В ответ довольно спокойный голос хорошего парня. Он объясняет что-то. Твердо, размеренно.
«Бежать!» — кричит некто глубоко внутри меня. — «Через кусты! Немедленно!»
Но я, словно под гипнозом, сижу, пригвожденная чем-то тягостным к этому дурацкому бревну. А слезы и не думают прекращаться. И раскачиваюсь, словно японский болванчик, взад-вперед, все пытаясь сосредоточиться и заставить себя предпринять нечто толковое.
Позже, анализируя происшедшее, я попытаюсь обелить себя всевозможными оправданиями:
«Я могла бы сбежать. Вероятно, даже должна была то сделать. Но совесть не позволила.» — запишу я в дневник, — «При неблагоприятном стечении обстоятельств моя помощь могла бы пригодиться Хорошему парню. Услышь я из-за кустов звуки драки — мигом кинулась бы на подмогу…»
Как не печально это признавать — я врала. Не бросилась бежать вовсе не от переживаний за спасителя, и не из-за чувства собственного достоинства (мол, вот еще, бегать от всяких, не достойны). Я сидела на месте попросту парализованная собственной истеркиой и резким разочарованием в справедливости мира…
Унизительнее всего было то, что я все еще плакала:
«И тут я поняла — тупик. Пора прибегать к крайним мерам!» — буду писать я потом, чтоб избежать самобичеваний. — «Пришлось употребить самую непритяную, но, безоговорочно действенную технологию — надавиь на жалостливость. Я заплакала, понимая, что хоть на одного из них это обязательно подействует.
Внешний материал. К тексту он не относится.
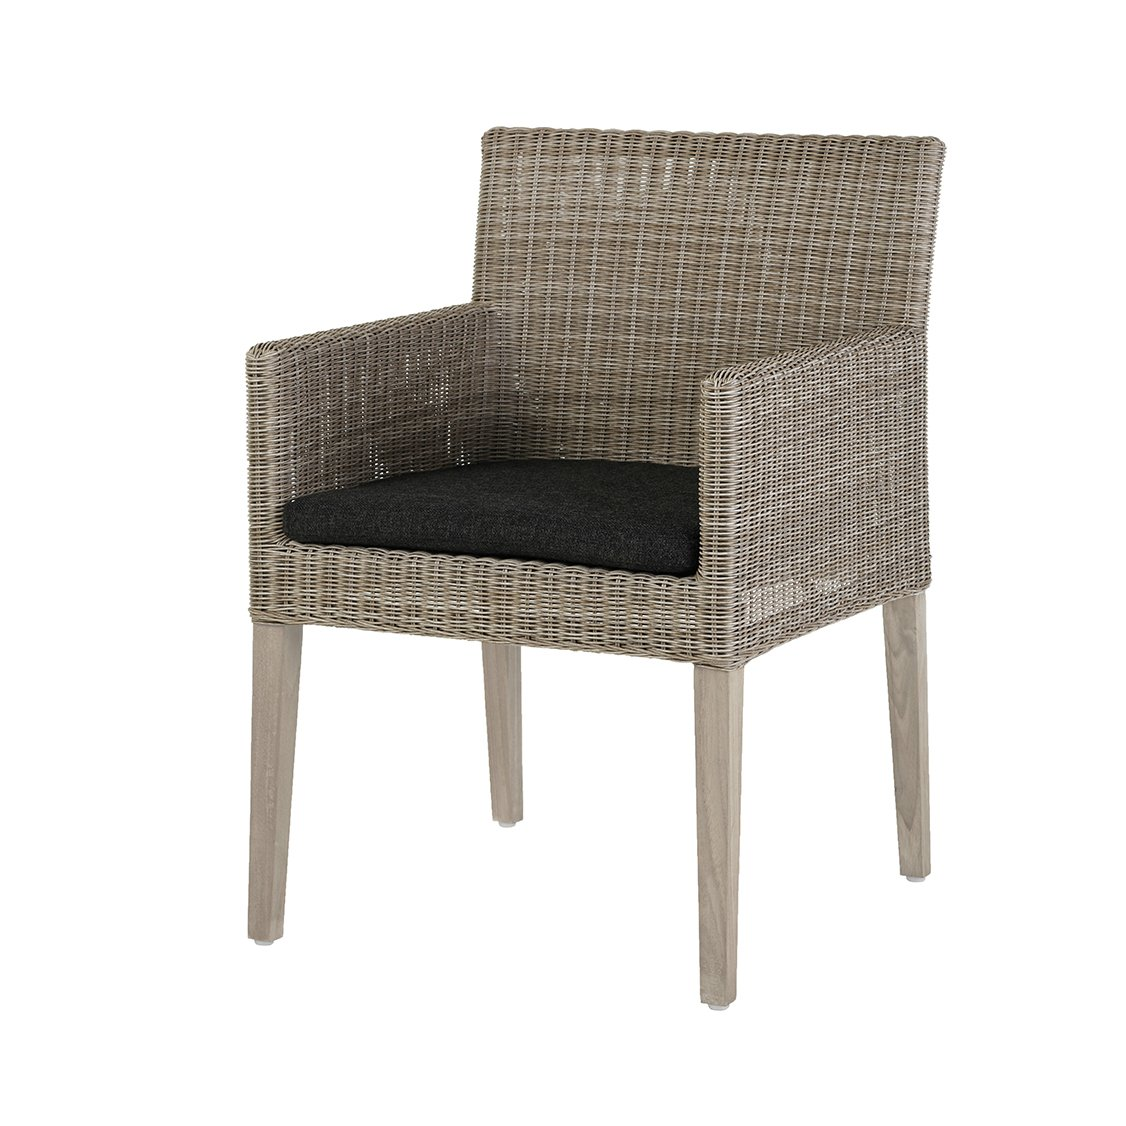 diamond garden gartenstuhl manchester armstuhl. Black Bedroom Furniture Sets. Home Design Ideas

Разумеется, это не могло не сработать, и вот уже Хороший уводит Подонка для «мужского разговора», и после коротких дебатов из-за кустов слышится возмущенное: «Да пошел ты вместе со своей шлюхой!» и треск веток свидетельствует об уходе — напролом, в порыве и с психами — одного из собеседников, а на поляну выходит мой спаситель и подбадривающее улыбается… По-другому и быть не могло! Все-таки женские слезы — мощнейшая штука. Хорошо, что столько лет жизни я посветила театру и свободно владею этим видом оружия…»
Увы, как не красиво все это звучит, на самом деле я прекрасно понимаю, что ревела вовсе не специально. И что вовсе не «выиграла поединок с судьбой», а чудом встретила защитника и лишь от этого чуда выкрутилась…
В общем, вышло довольно гадко, и вспоминать ту историю я страшно не люблю. Хотя вспоминать надо бы. Хотя бы, чтоб держать в голове того самого Хорошего отправлять периодически в пространство мысленные посылы, облегчающие и укрепляющие любые его начинания. И не важно, где он теперь, чем живет, да чем дышит. Главное — в той ситуации он повел себя именно так, как повел и за то я навсегда оставила его Хорошим у себя в памяти. На полянку он вышел один. Молча подошел, положил руку на плечо.
Вздрагиваю всем телом, отскакиваю в сторону.
— Ну, ну, тихо, тихо, — как ребенка успокаивает он, тактично отодвигаясь на пару шагов. — Испугалась? — спрашивает.
Я киваю, громко шмыгаю носом, и пытаюсь улыбнуться, чтоб не производить гнетущее впечатление.
— Спасибо, — говорю. — Я уже как-то не рассчитывала, что моя глупость окажется безнаказанной. Думала, уже драться или в речку прыгать… Спасибо. Вас не сильно эта ссора подвела?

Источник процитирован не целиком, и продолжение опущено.